_Exercise goal_: Repeat the lines from the one containing "Oars + Alps" through the end of the listing exactly, both ends included. Do not carry over any pictures.

_Information shown_:
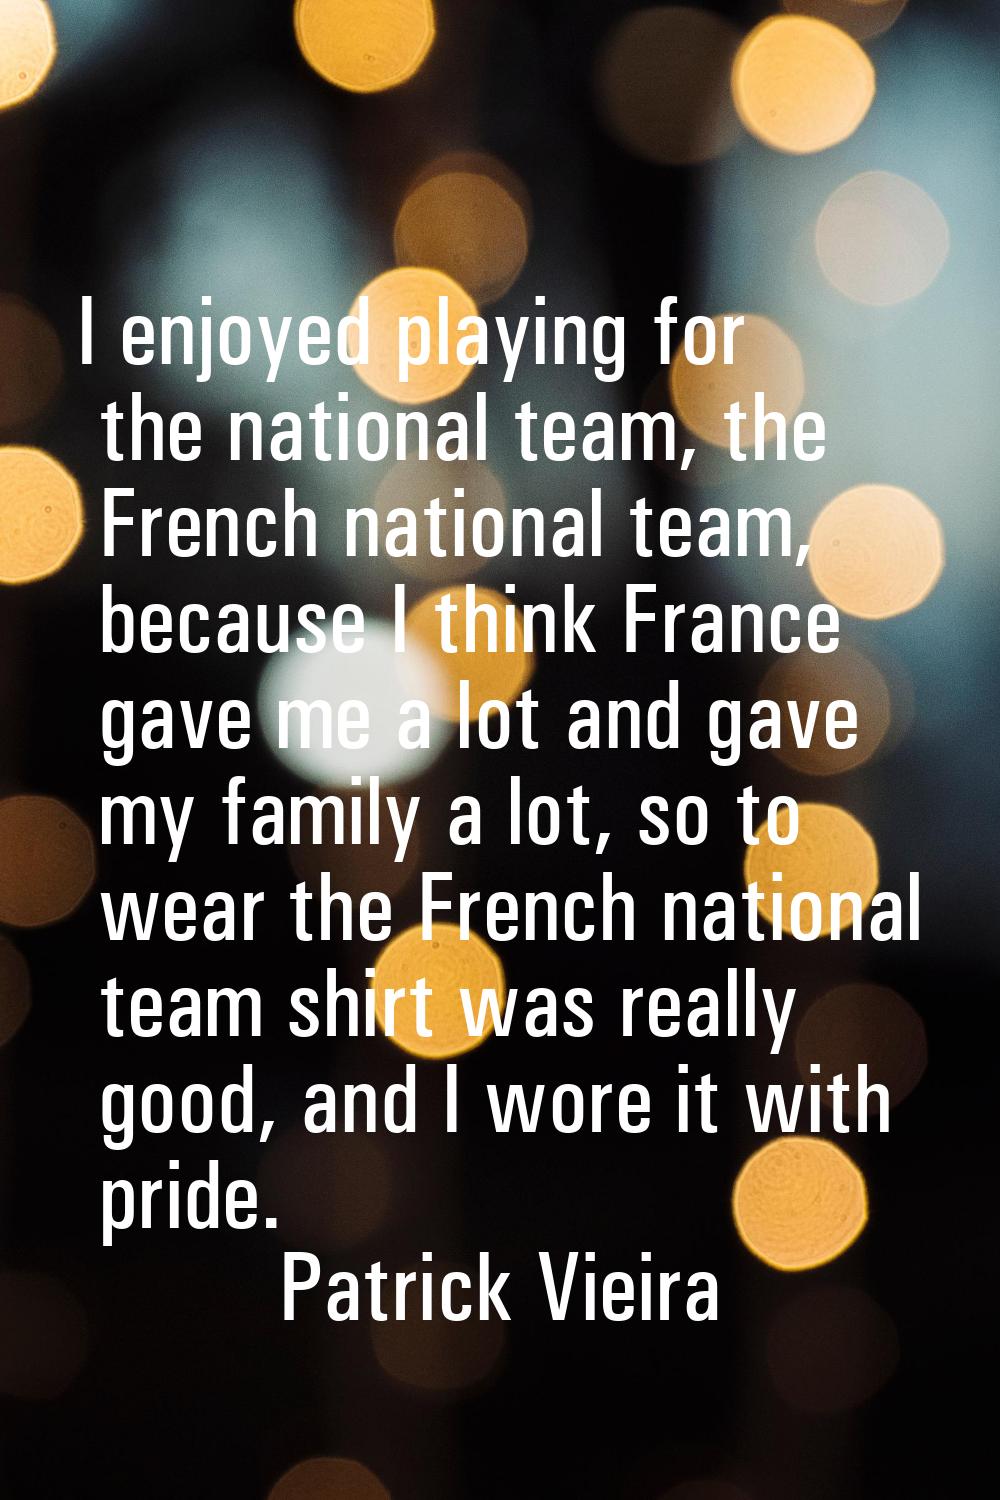 I enjoyed playing for the national team, the French national team, because I think France gave me a
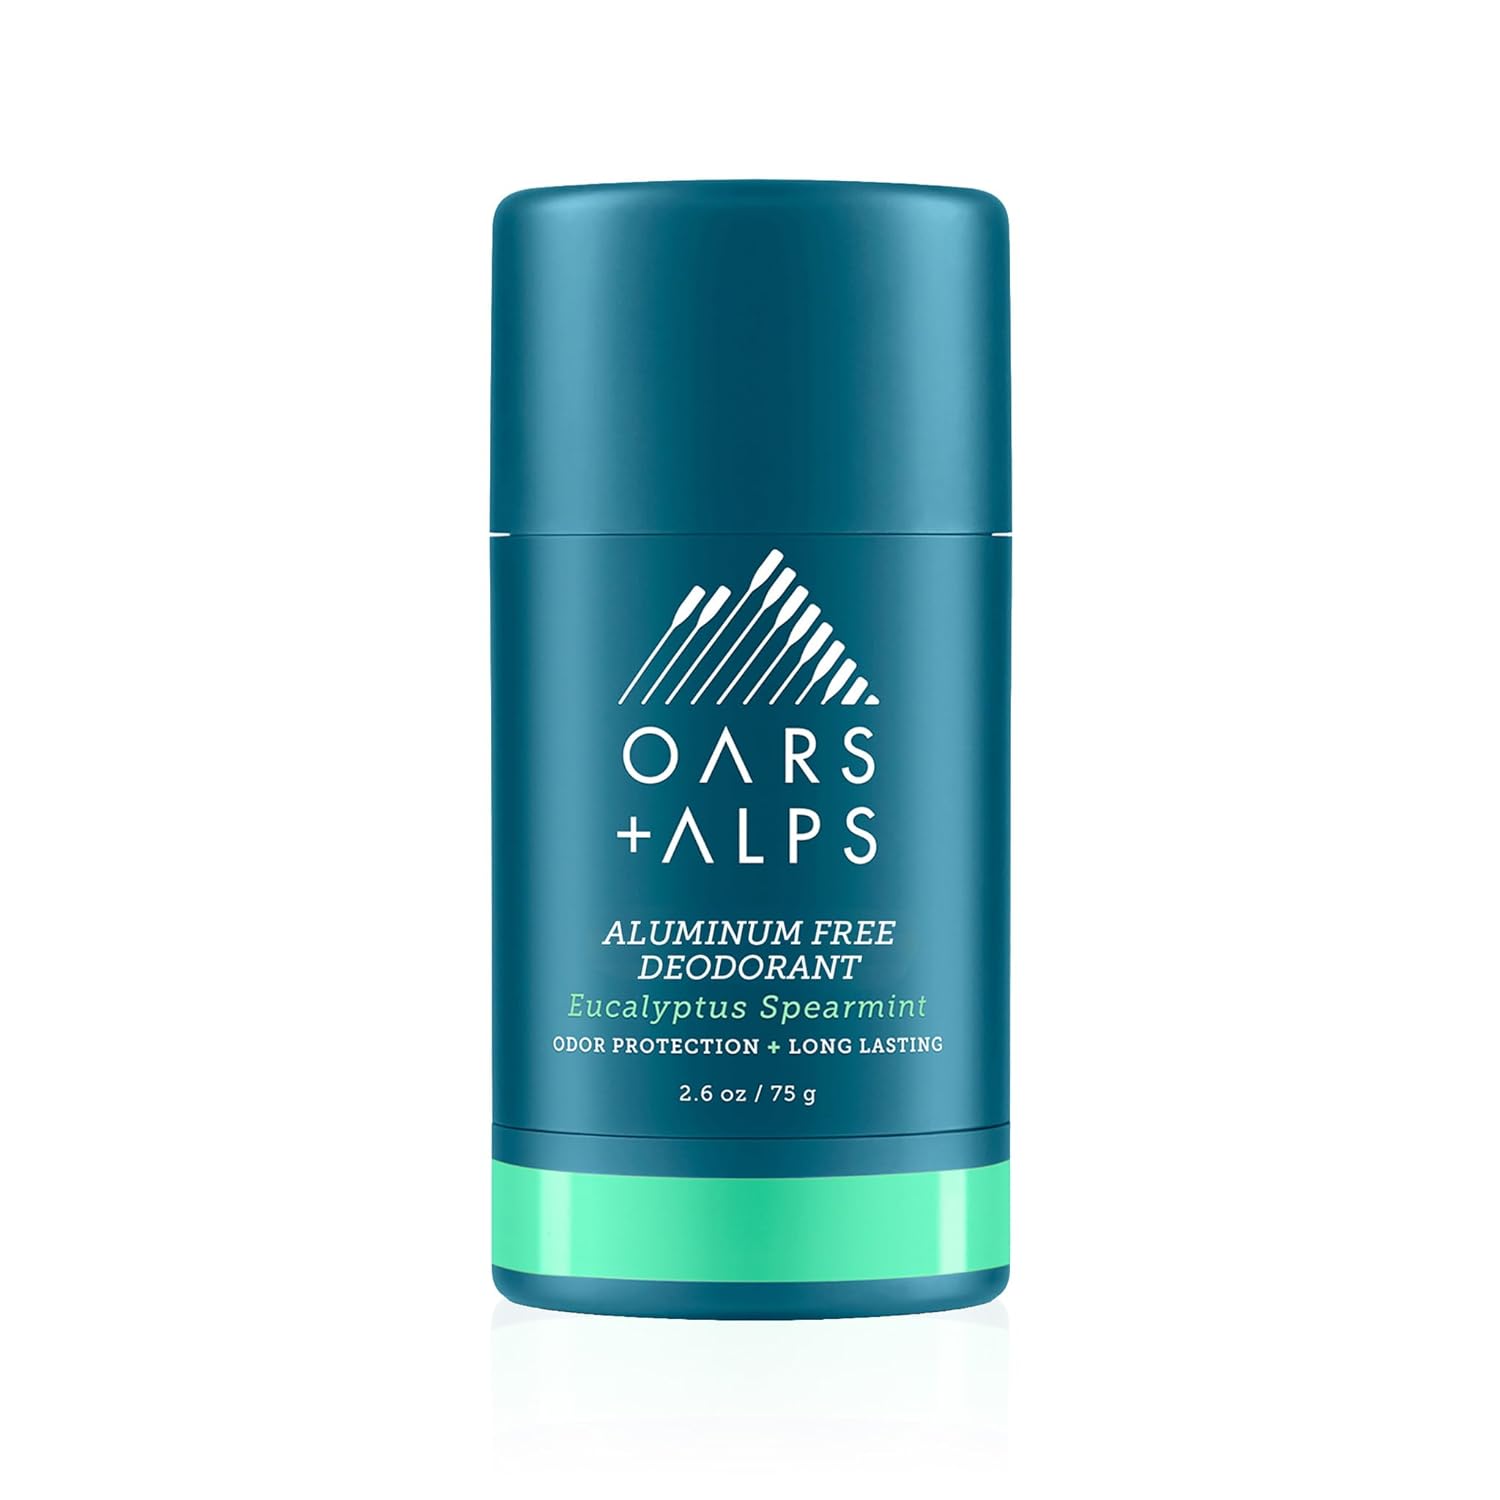 Oars + Alps Aluminum Free Deodorant for Men and Women, Dermatologist Tested and Made with Clean Ingredients, Travel Size, Eucalyptus Spearmint, 1 Pack, 2.6 Oz
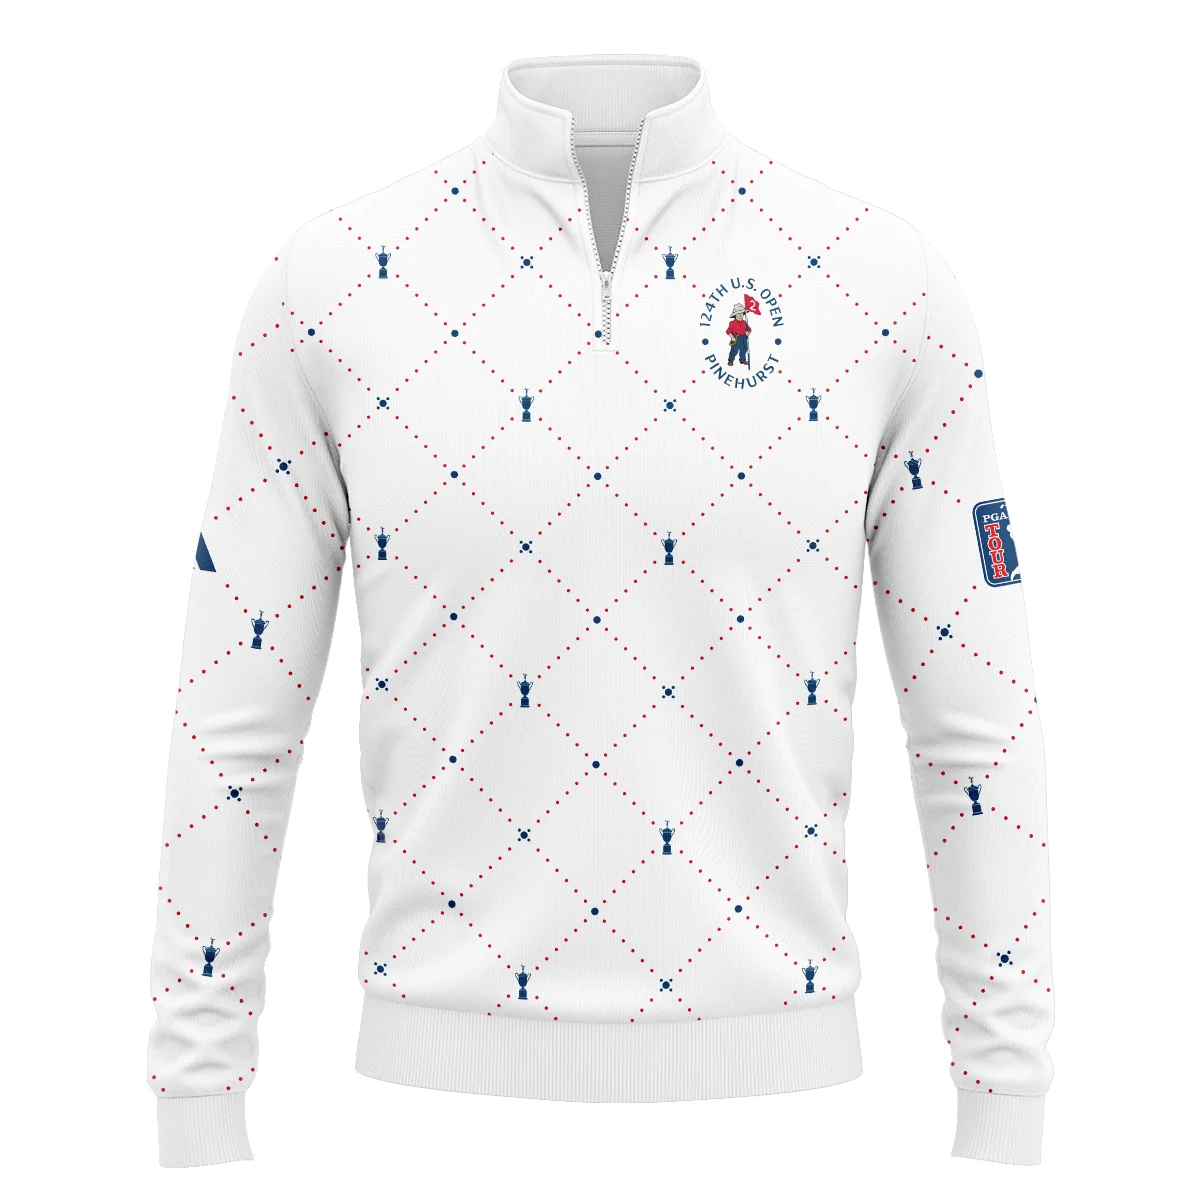 Argyle Pattern With Cup 124th U.S. Open Pinehurst Adidas Style Classic, Short Sleeve Polo Shirts Quarter-Zip Casual Slim Fit Mock Neck Basic
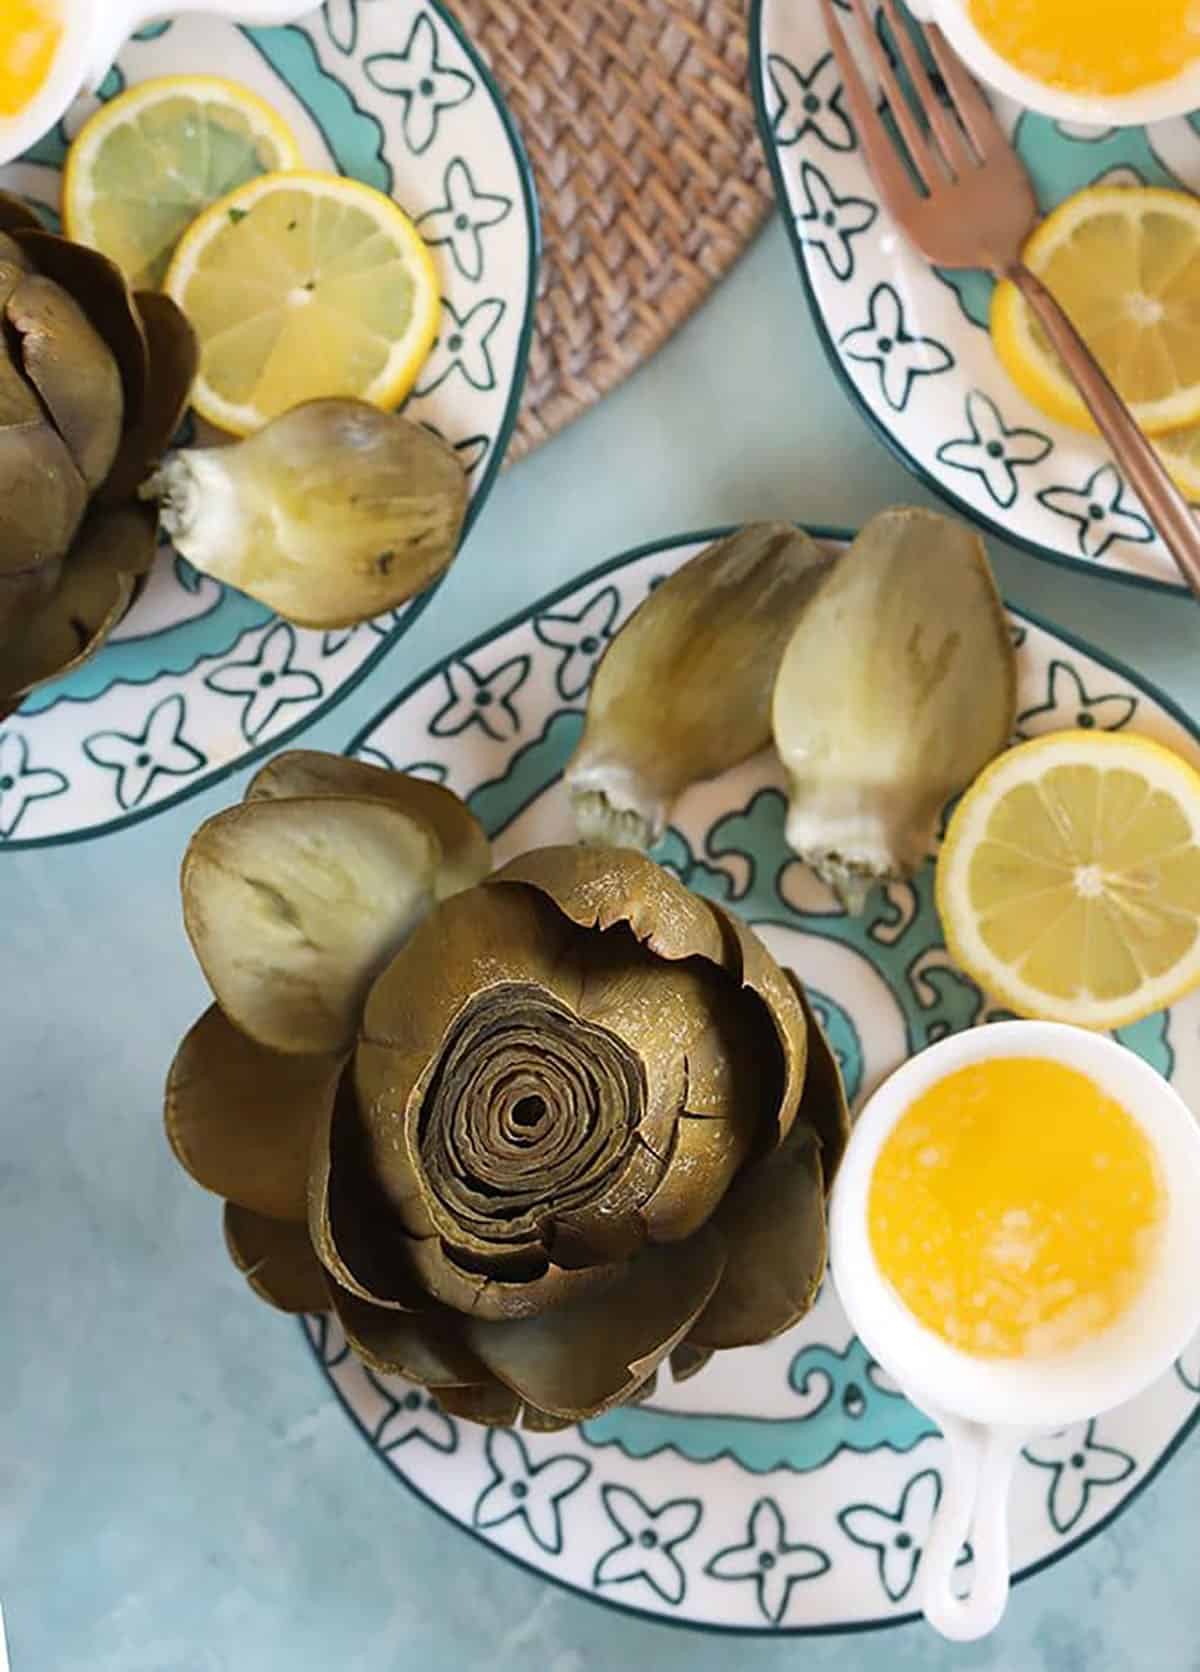 Instant Pot Artichokes with butter in a white dish.

_Solution_:
 Oars + Alps Aluminum Free Deodorant for Men and Women, Dermatologist Tested and Made with Clean Ingredients, Travel Size, Eucalyptus Spearmint, 1 Pack, 2.6 Oz
 Argyle Pattern With Cup 124th U.S. Open Pinehurst Adidas Style Classic, Short Sleeve Polo Shirts Quarter-Zip Casual Slim Fit Mock Neck Basic
 Instant Pot Artichokes with butter in a white dish.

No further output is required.